From CalMatters’ housing reporter Ben Christopher:
California voters will soon get a third chance to say “yes” to rent control.
This week, the Secretary of State announced that supporters of a measure that would let cities put new restrictions on how much landlords can hike the rent have gathered enough signatures to put it on the November 2024 ballot.
Sound familiar? You may have voted on something like this before.
- Voters didn’t bite in 2018 when Prop. 10, a similar measure, failed by 19 points.
- In 2020, Prop. 21 went down by 20 points.
At a virtual press conference on Thursday, Michael Weinstein, the controversial head of the Los Angeles-based AIDS Healthcare Foundation and the chief financial backer of all three campaigns to date, said the third time may be the charm — if only because the rent continues to be too damn high for so many Californians.
- Weinstein: “The situation has gotten so extreme and dire and catastrophic…. We can never give up, that’s the bottom line.”
California’s relationship with rent control is complicated.
A nearly three-decade-old state law blocks local governments from setting rent caps on homes built after 1995,, or to any single-family homes. The law also lets landlords hike the rent as much as they like once a tenant moves out.
The proposed proposition — like its two unsuccessful forebears — would repeal that law, allowing local governments “to maintain, enact or expand residential rent control” however they see fit.
A more recent state law put a California-wide cap on rent hikes of no more than 5% plus inflation with an absolute maximum of 10%. That ceiling is too high for the coalition of tenant organizers, labor groups and local Democratic politicians backing the ballot measure.
If 2018 and 2020 are anything to go by, they’ll have a few obstacles to overcome in 2024:
- Voters: Though their share of the population has inched up over the last decade, renters still represent a minority of Californians — and historically they’re less likely to vote.
- Confusion: In the past, some voters seem to have been confused about what the measure would actually do.
- Money: The last two go-rounds, landlords and business groups outspent supporters by more than two-to-one.
And rent control’s foes are ready to open their wallets again.
- Mike Nemeth, a spokesperson for the California Apartment Association: “In recent years, we joined a broad coalition of pro-housing groups in soundly defeating similar measures…we will prepare to fight this latest proposition.”

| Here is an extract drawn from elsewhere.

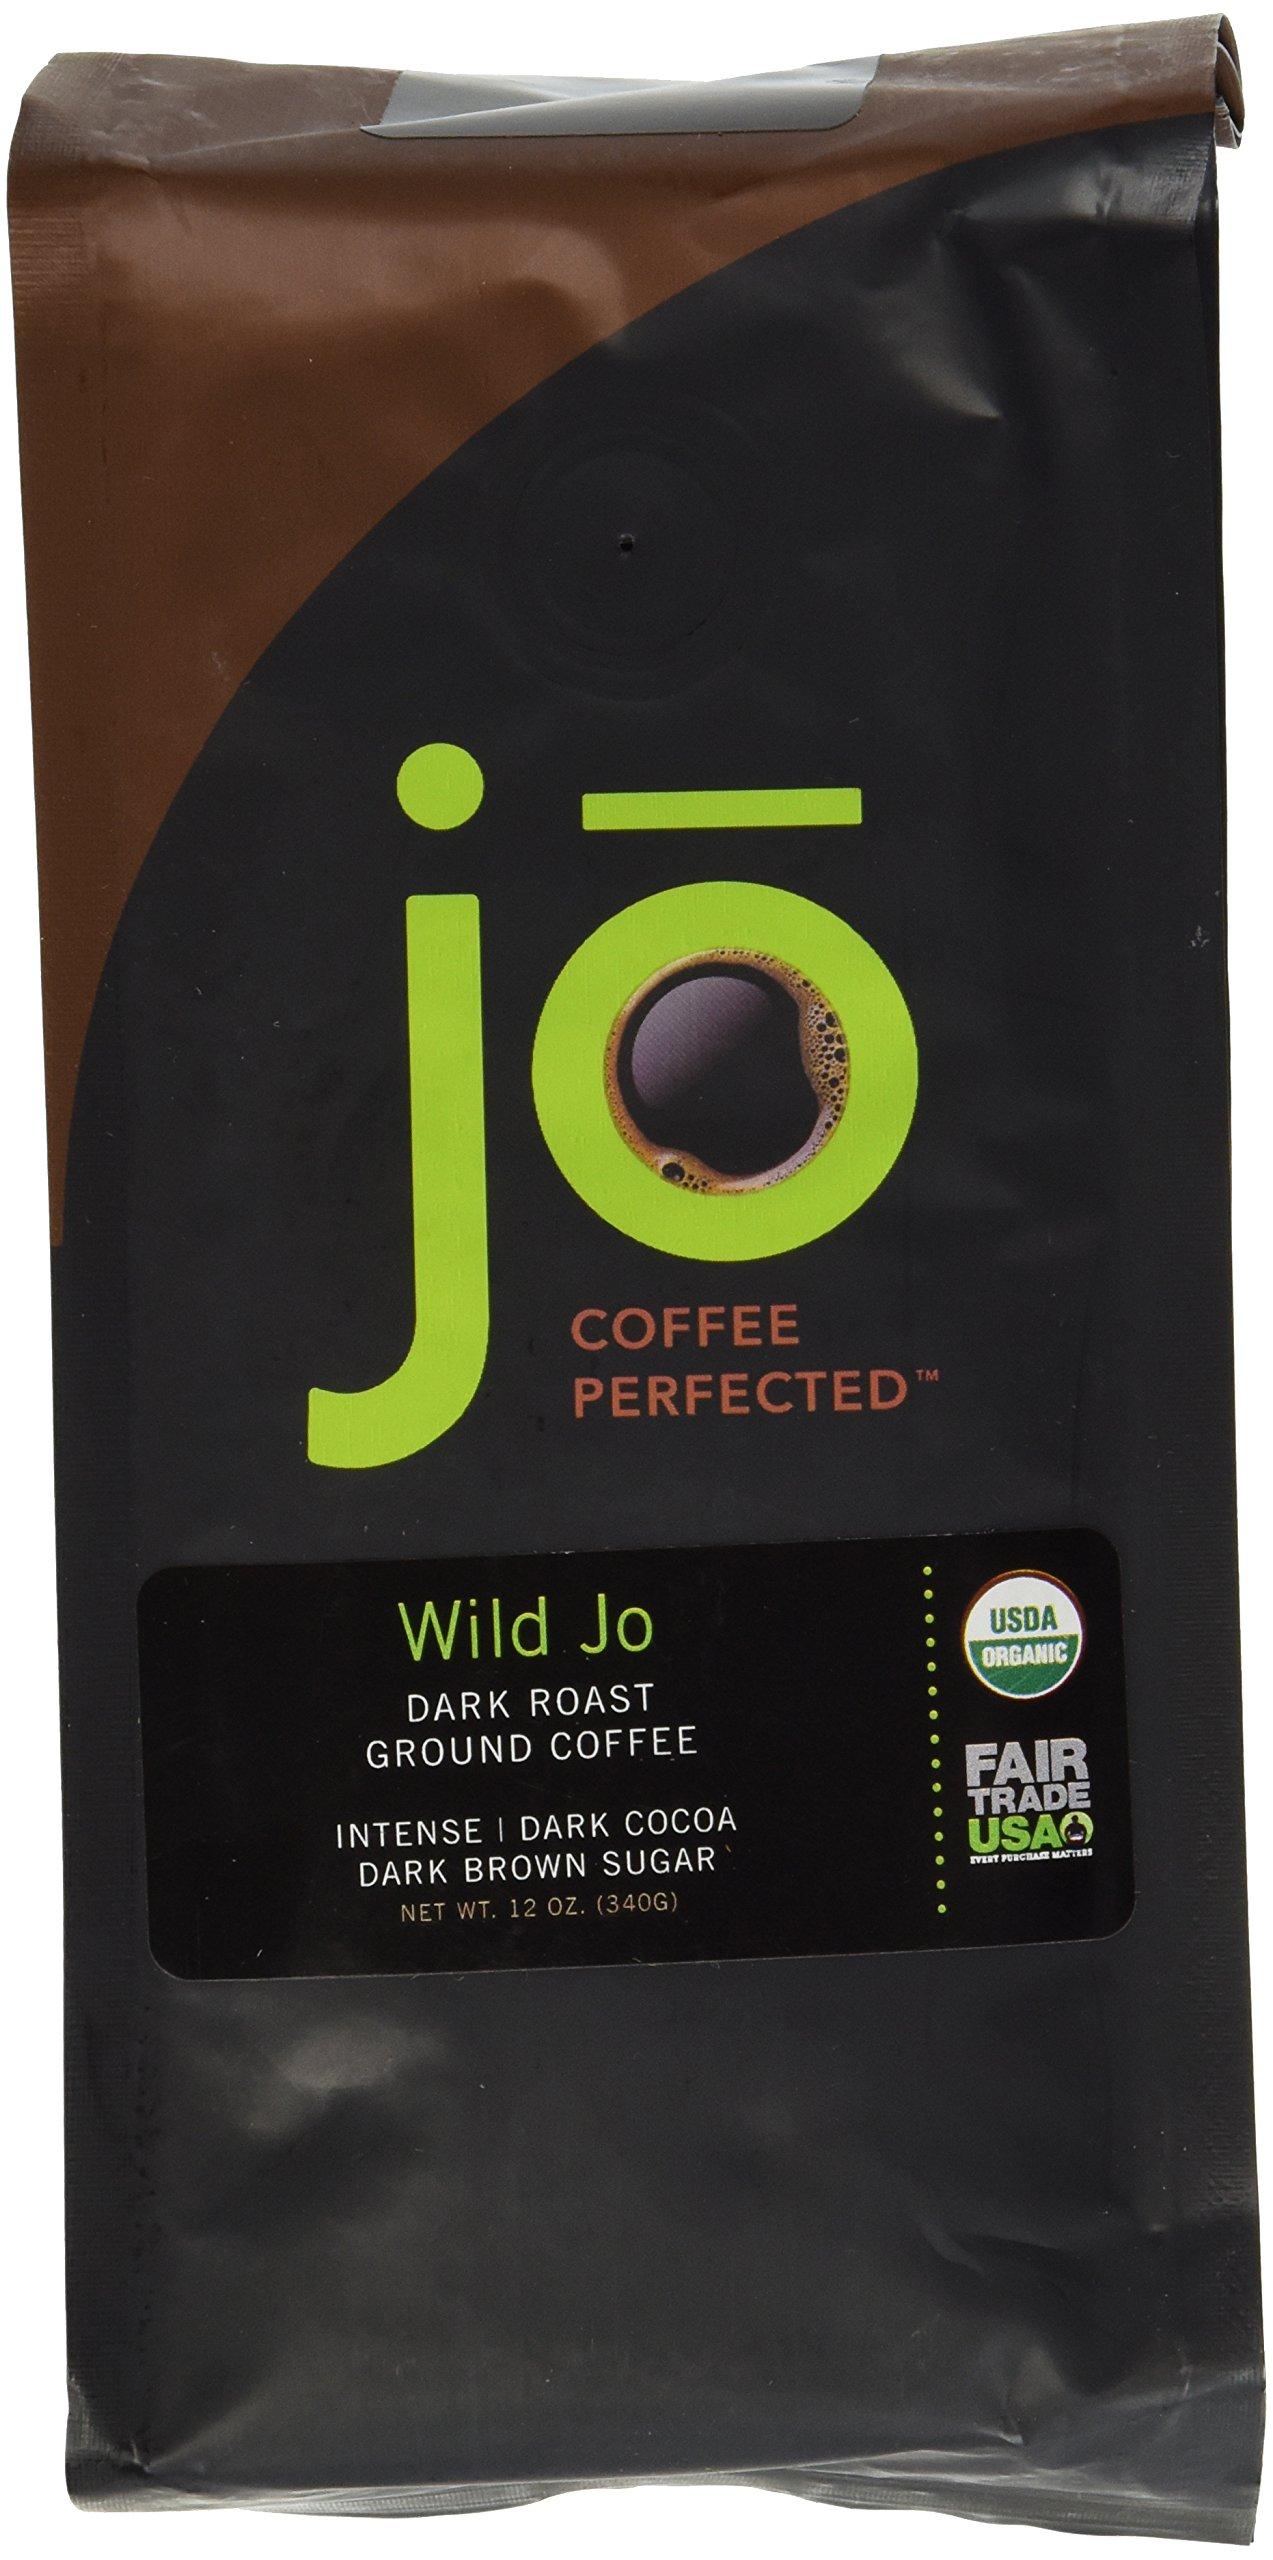 WILD JO: 12 oz, Dark French Roast Organic Coffee, Ground Coffee, Bold Strong Rich Wicked Good Coffee! Great Brewed or Cold Brew, USDA Certified Fair Trade Organic, 100% Arabica Coffee, NON-GMO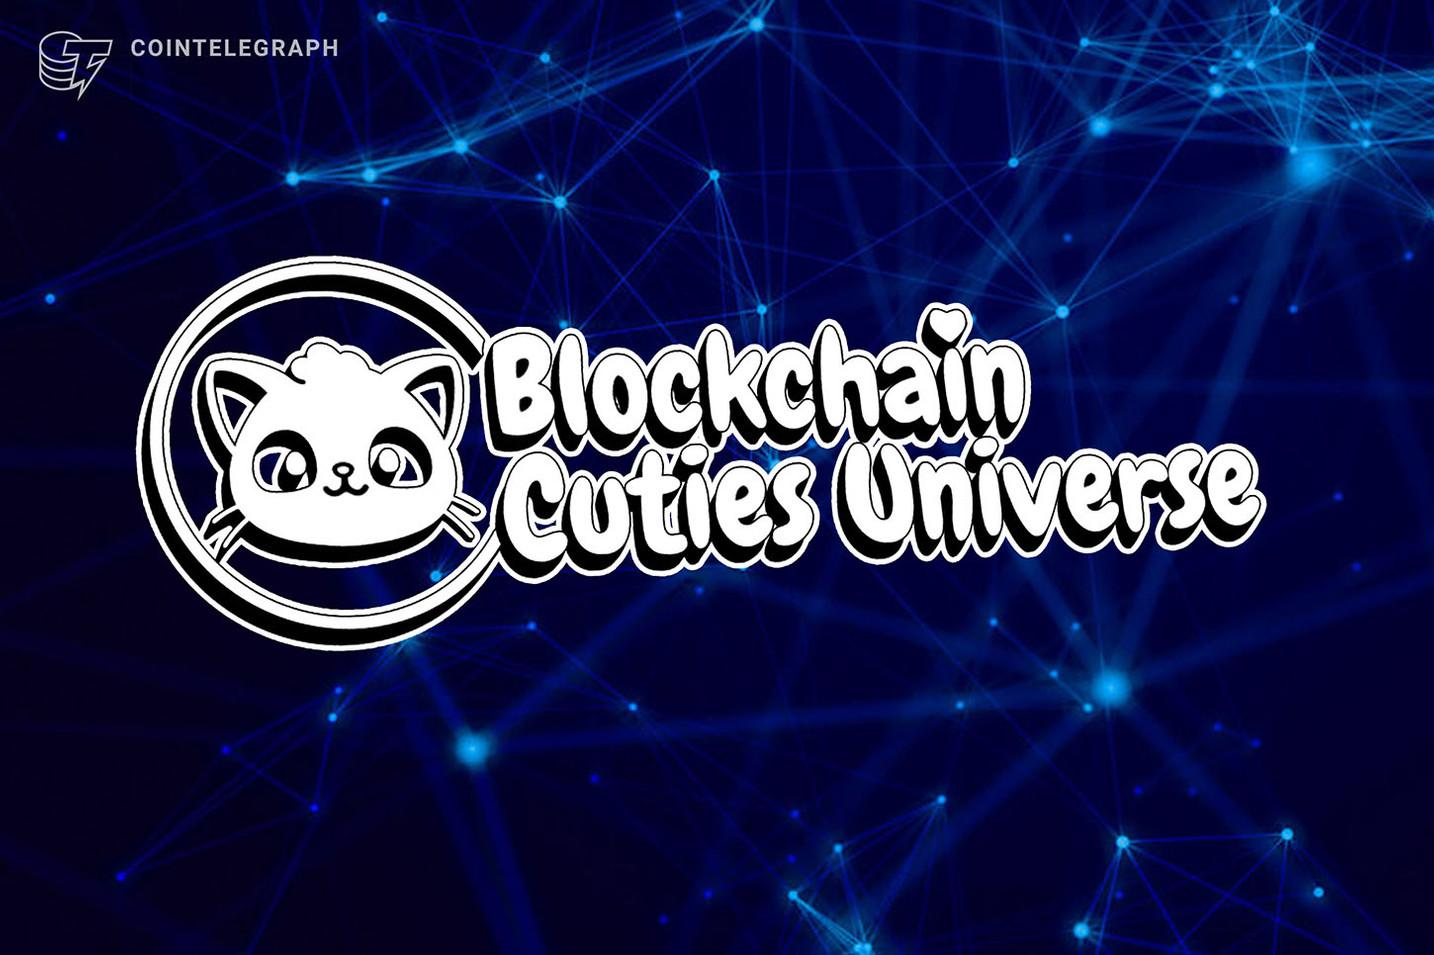 Blockchain Cuties Universe to launch DeFi and NFT tokenomics

In more rental news: Recently released data sheds more light on the uphill battle renters face to call a place a home in California. Citing information from Apartment List, the San Francisco Chronicle reported on Thursday that San Francisco — “a national symbol of unaffordable housing” — doesn’t even crack the top 10 most expensive Bay Area cities in which to rent a two-bedroom unit. The city comes in 13th place, behind several others in Silicon Valley: Santa Clara Mountain View, Campbell and Sunnyvale in Santa Clara County, with Foster City, in San Mateo County, topping the list.
Using data such as how long a unit stays vacant and how many renters vie for each vacancy, the real estate listings company RentCafe deemed Silicon Valley the fourth most competitive rental market in the state, as reported by the Bay Area News Group. The top two most competitive places to rent? Orange County and San Diego.